▶ BRIEF
Your output should be the lines from the one containing "T-shirt Unisexe En" through the last line below, both ends included, exactly as written and free of pictures.

▶ DATA SECTION
◇ ◇ ◇

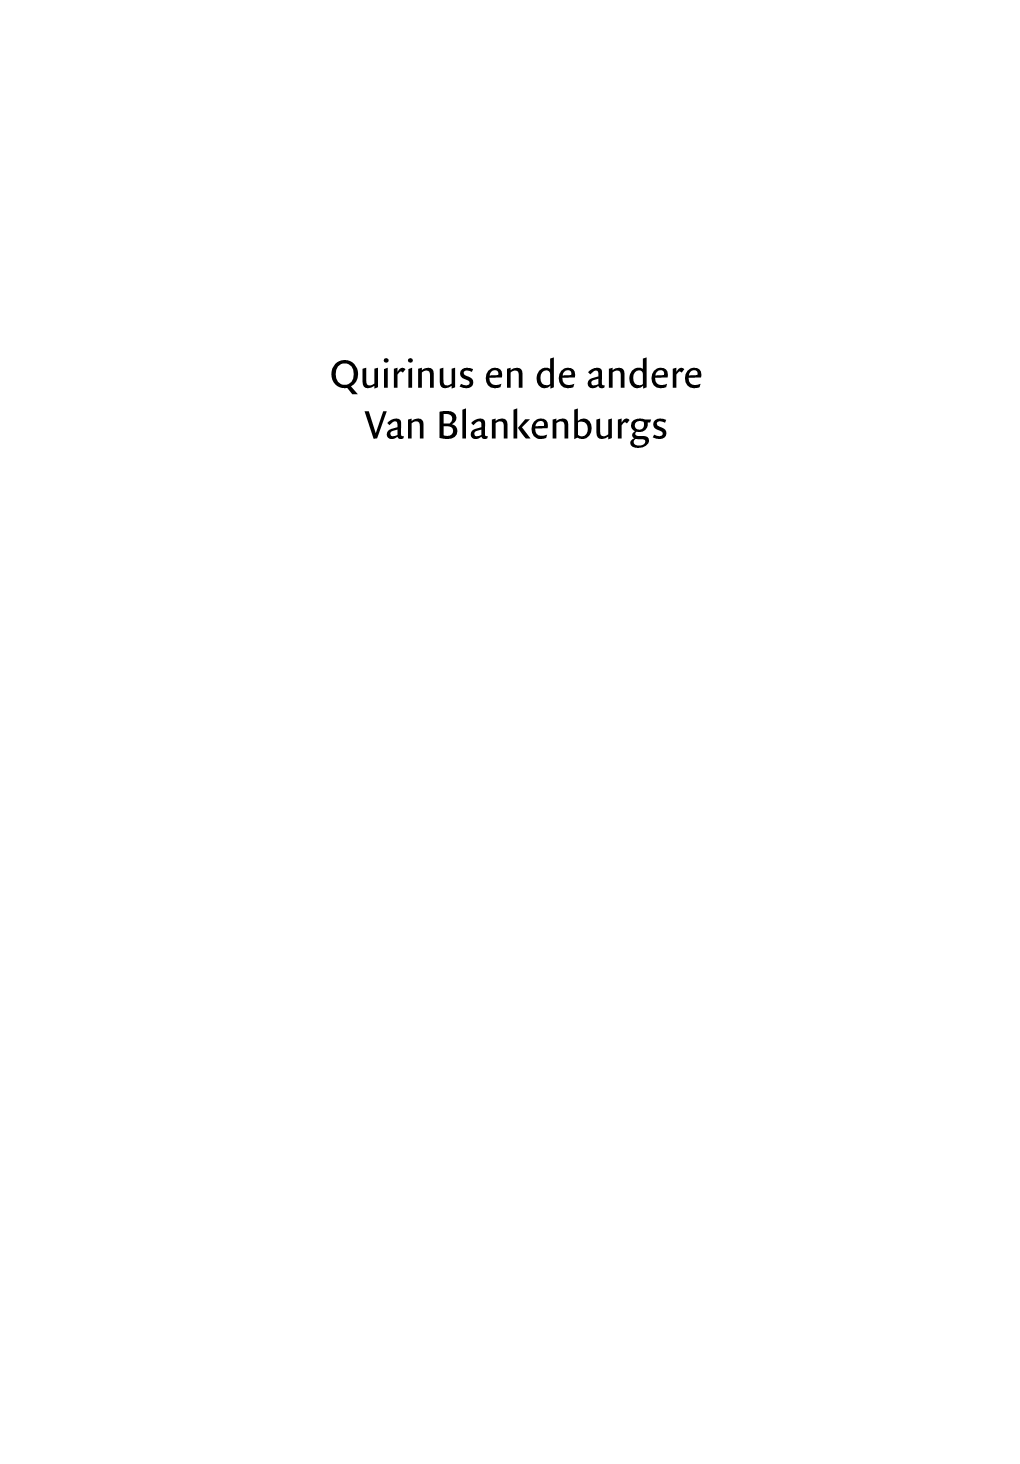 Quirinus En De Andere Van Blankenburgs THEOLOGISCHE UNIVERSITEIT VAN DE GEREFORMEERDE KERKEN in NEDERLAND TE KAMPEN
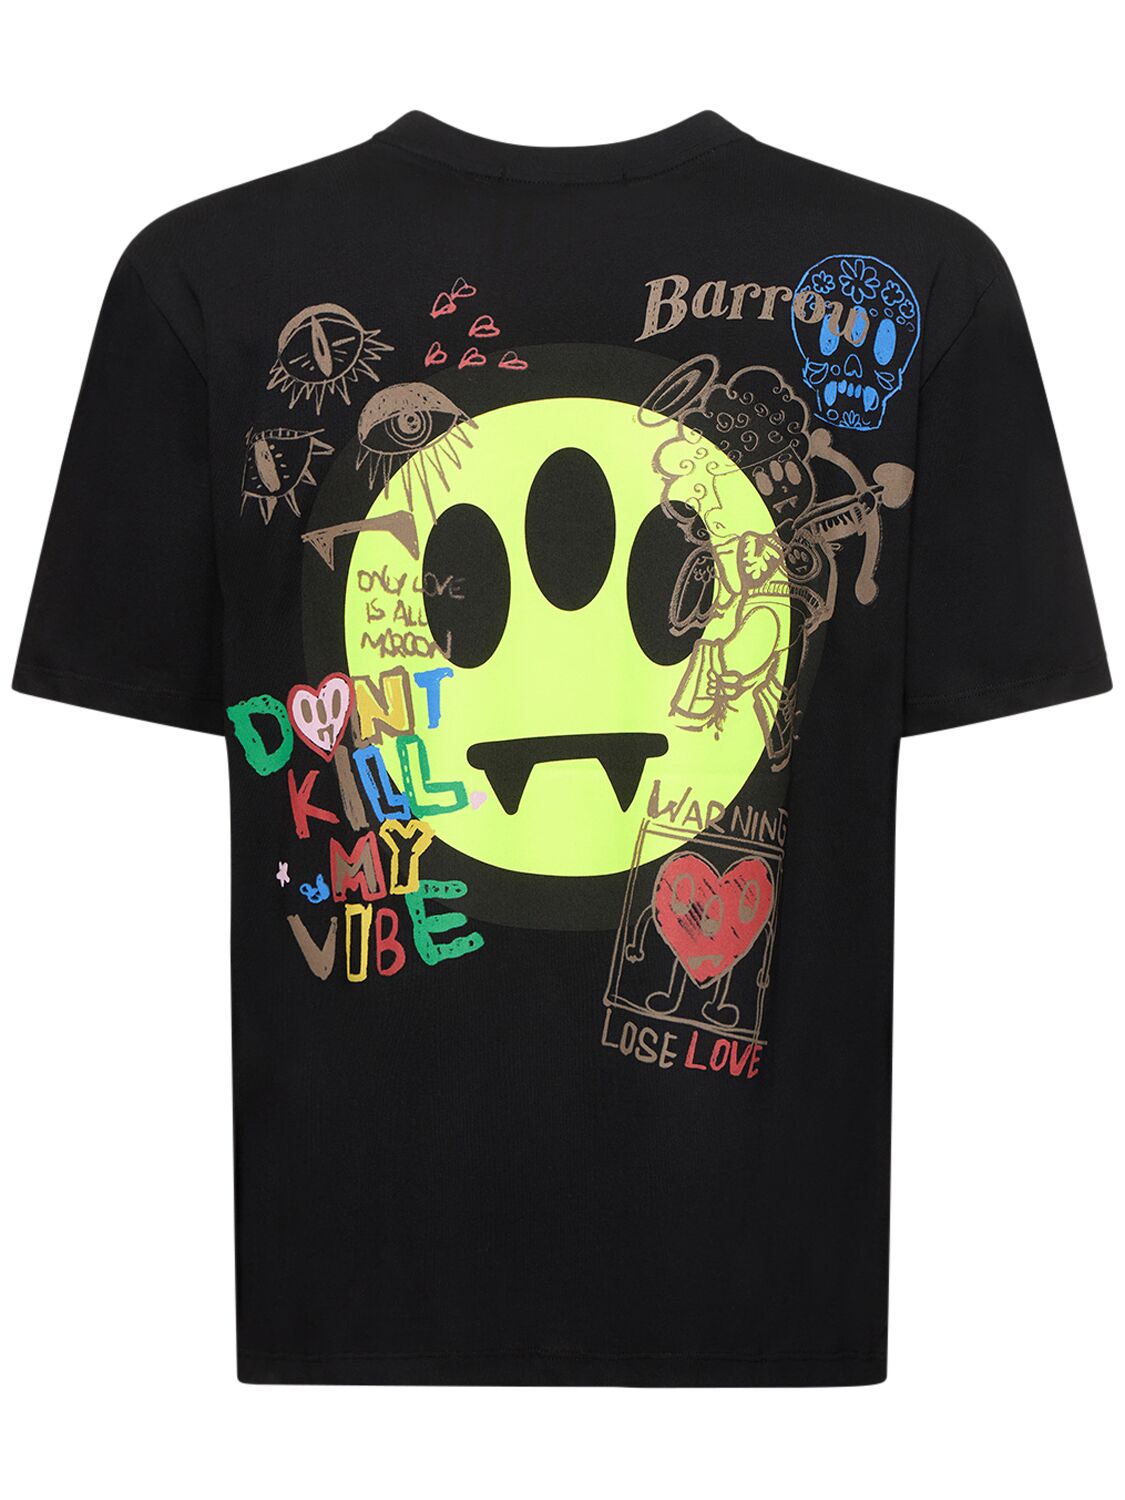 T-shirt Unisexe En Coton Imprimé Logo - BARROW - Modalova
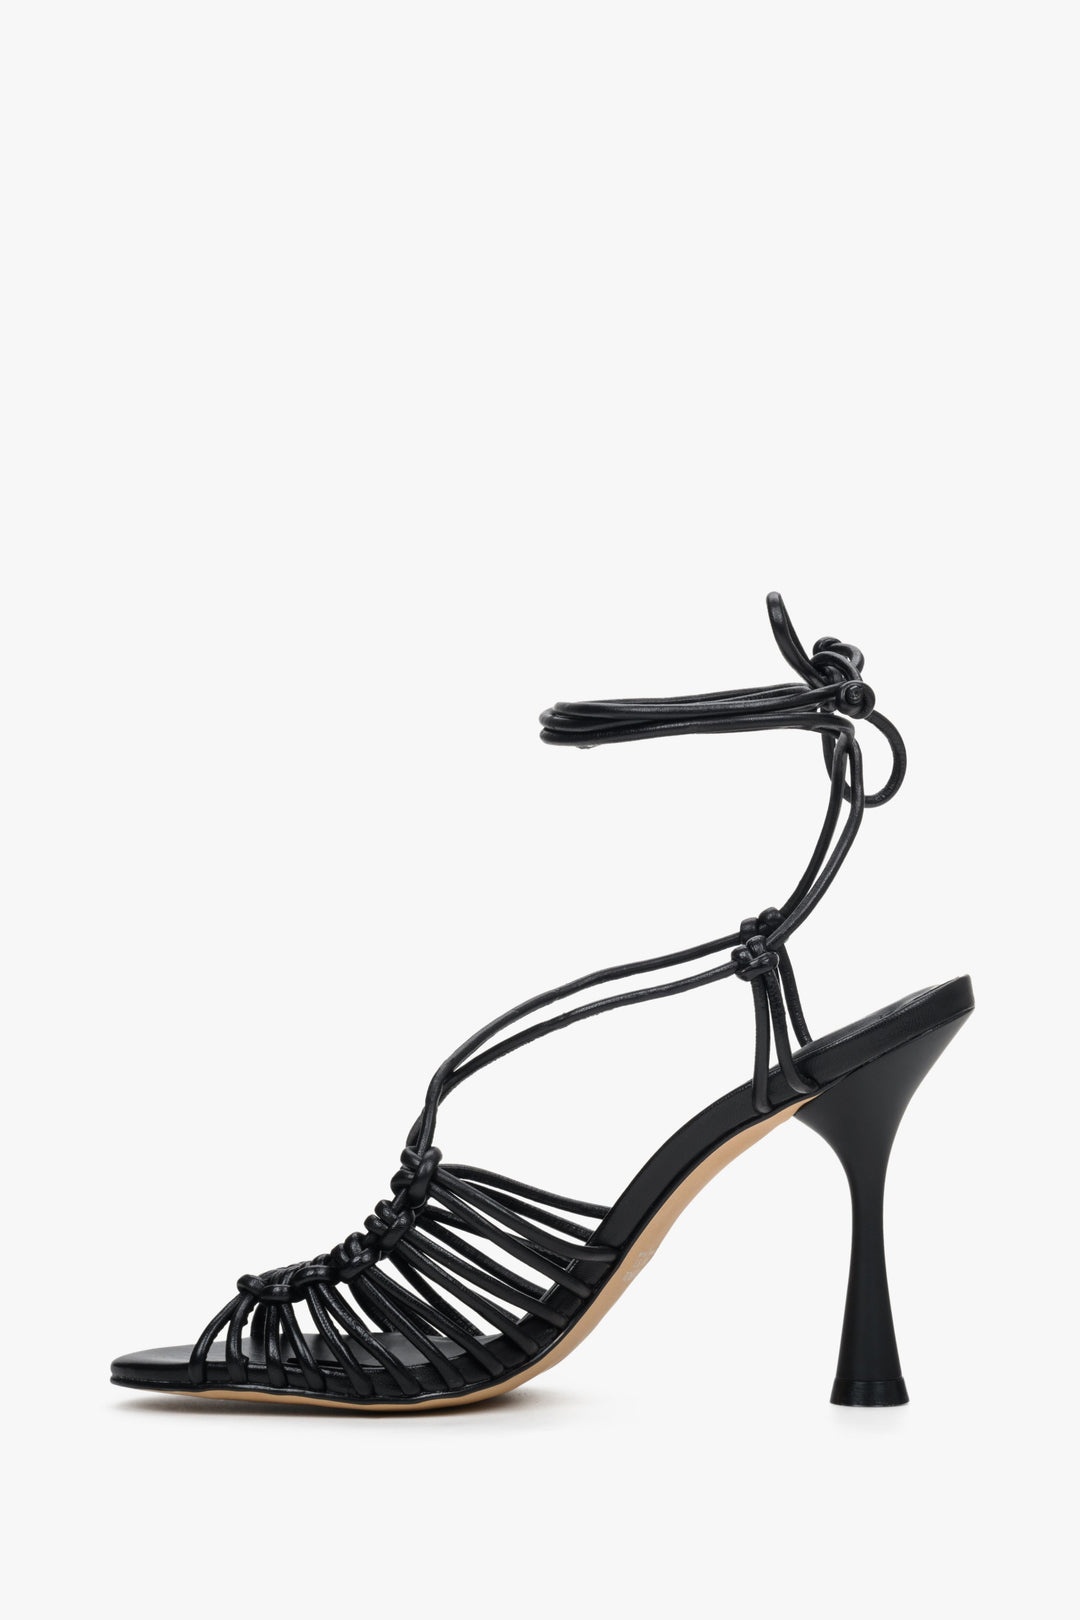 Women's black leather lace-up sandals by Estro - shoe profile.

◇ ◇ ◇

▶ RESULT BELOW
 T-shirt Unisexe En Coton Imprimé Logo - BARROW - Modalova
 Women's black leather lace-up sandals by Estro - shoe profile.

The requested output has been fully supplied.